Estimated annual net pay: ~$49,445 (~$1,902/biweekly paycheck)

These are simplified estimates. Actual deductions vary based on filing status, W-4 elections, benefit enrollment, and state-specific rules.

Reading your pay stub

A pay stub shows both the current period amounts and year-to-date (YTD) totals for each category. The YTD gross is particularly useful for tracking where you stand relative to tax brackets, the Social Security wage base, and annual contribution limits on 401(k) or HSA accounts.

Common pay stub line items include: gross earnings, federal income tax withheld, Social Security tax, Medicare tax, state income tax, voluntary deductions (labeled by plan), and net pay. If a line does not look right, compare it against your W-4 elections and benefit enrollment documents.

How to use net pay for budgeting

Build your budget on your actual net pay, not your gross salary. Use your most recent pay stub to get an accurate baseline, or run the numbers through the Take-Home Pay Calculator to estimate what a new job offer or raise will produce in spendable income.
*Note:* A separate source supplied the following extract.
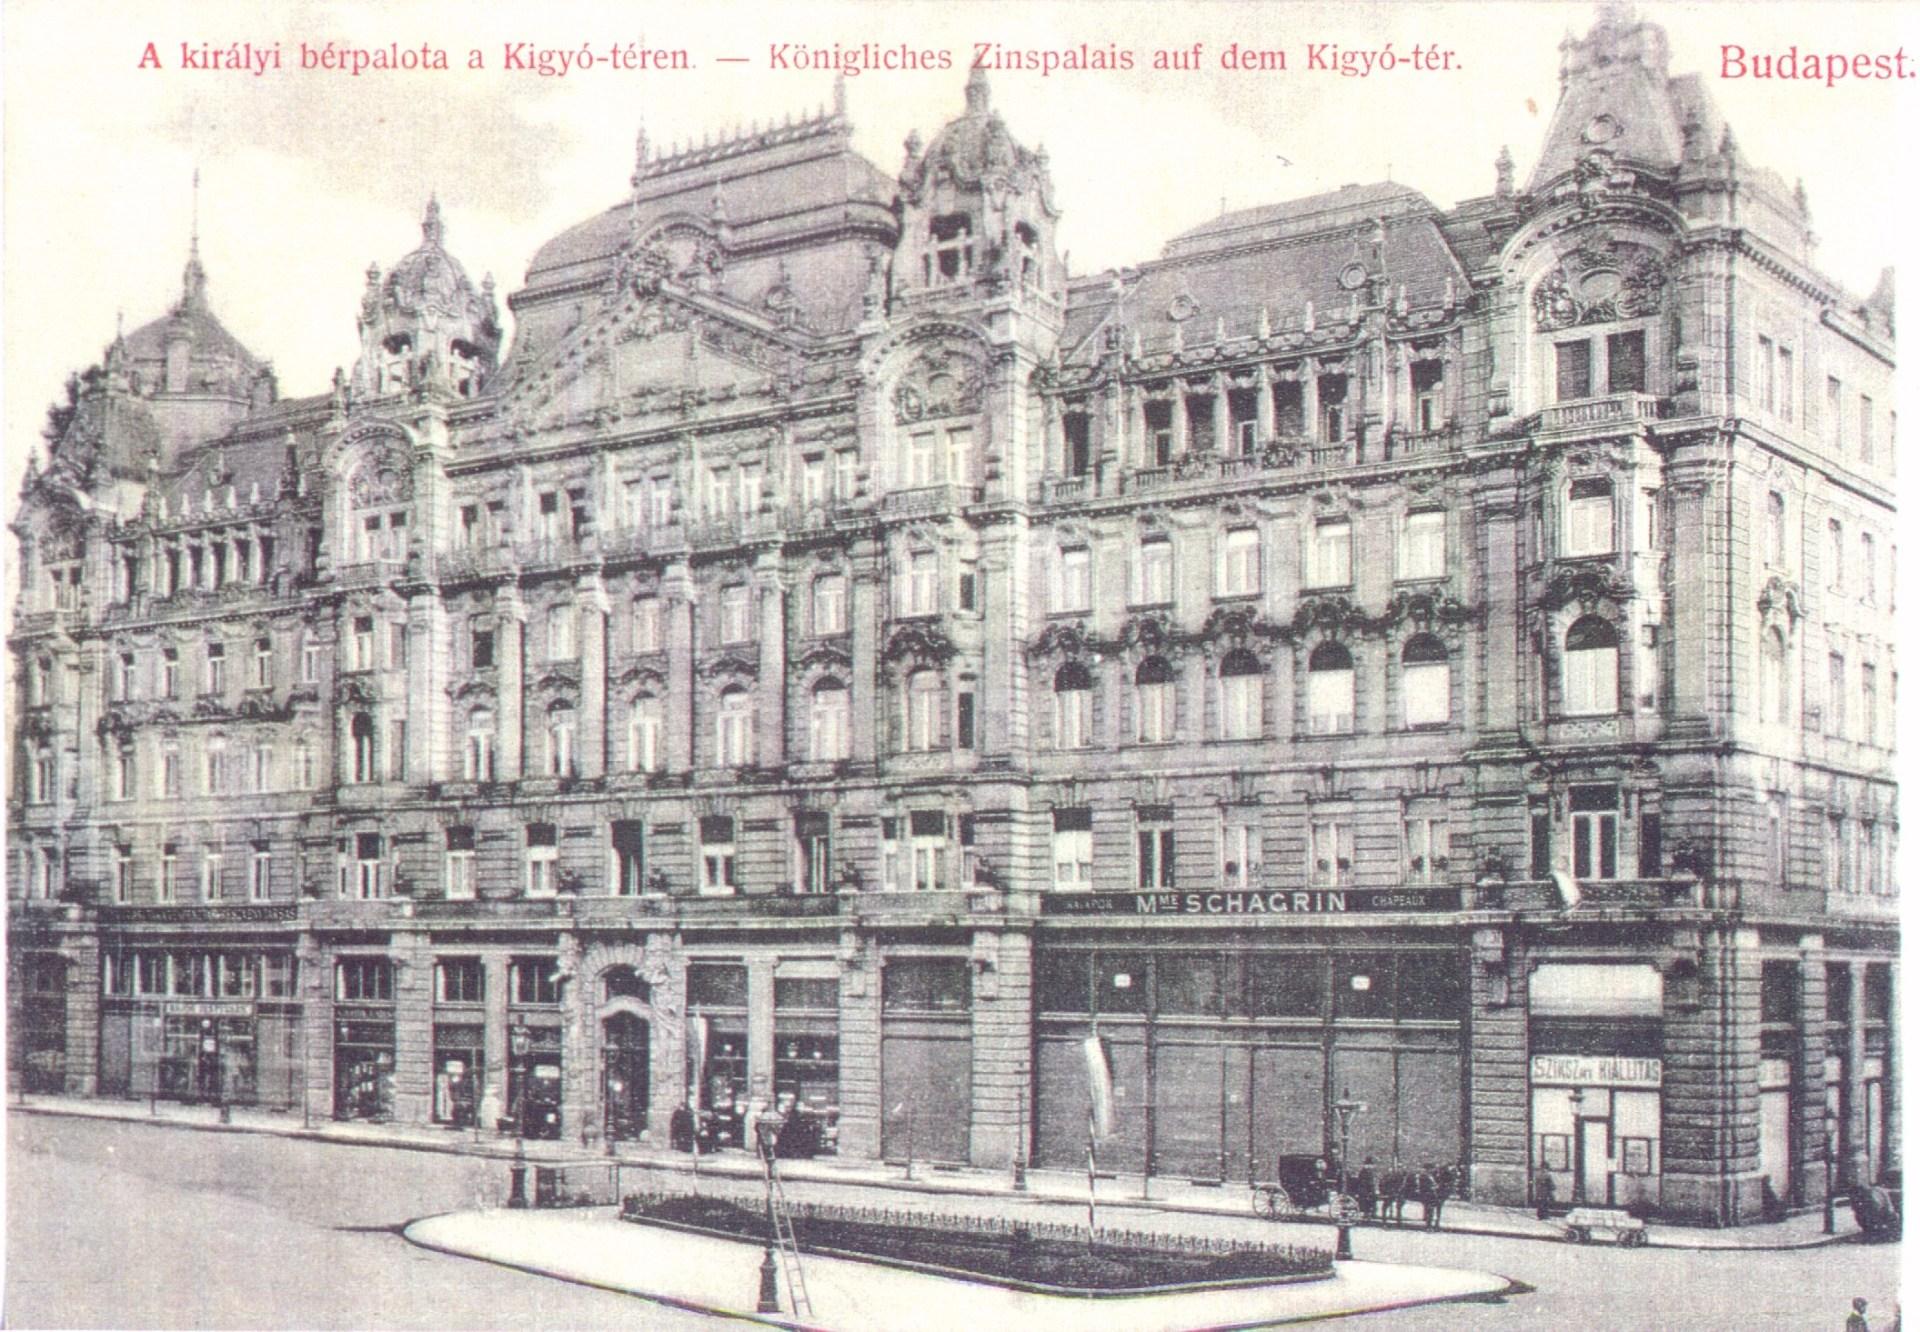 Királyi bérpalota a Kígyó téren. A hatalmas épület 1900–1902-ben épült, egy időben a két Klotild-palotával, amelyek ugyancsak a királyi család magánvagyonához tartoztak. Ferenc József kétszer is meglátogatta az épülő házat. Az épület jobb oldali tetőszerkezete a szemem láttára gyulladt ki 1945 januárjában

Increases in gross pay do not translate dollar-for-dollar into net pay. A $5,000 raise typically adds $3,000 to $3,800 to your annual take-home depending on your marginal tax rate and state. Use the Pay Raise Calculator to estimate the actual net impact before making decisions based on the gross number.

Take-Home Pay Calculator

Enter your salary and state to estimate your net pay after federal tax, state tax, Social Security, Medicare, and optional deductions.

Pay Raise Calculator

See how a raise changes your gross pay, effective hourly rate, and estimated net income.

Frequently asked questions

What is the difference between gross pay and net pay?

Gross pay is your total earnings before any deductions. Net pay is the amount you actually receive after federal income tax, payroll taxes (Social Security and Medicare), state income tax, and any voluntary deductions like 401(k) contributions or health insurance premiums are subtracted.

What percentage of gross pay do most people keep as net pay?

The gap varies widely by income level and state. At $50,000 gross income in a moderate-tax state, take-home pay might be 70 to 75% of gross. At $100,000, the percentage typically drops to 65 to 70% as the effective federal tax rate increases. High earners in high-tax states can take home 60% or less.

Are pre-tax deductions subtracted from gross or net pay?

Pre-tax deductions, like traditional 401(k) contributions and employer-sponsored health insurance, are subtracted before federal and state income taxes are calculated. This reduces your taxable income. Post-tax deductions like Roth 401(k) contributions come out after taxes.

Does gross pay include bonuses and overtime?

Yes. Gross pay includes all compensation before deductions: base wages, overtime pay, bonuses, commissions, tips, and any other earnings. All of it is subject to income and payroll taxes.

What is YTD gross pay on a pay stub?

Year-to-date (YTD) gross pay is the total amount you have earned from the start of the calendar year through your current pay period. It is useful for tracking annual income and understanding where you stand relative to tax bracket thresholds or benefit contribution limits.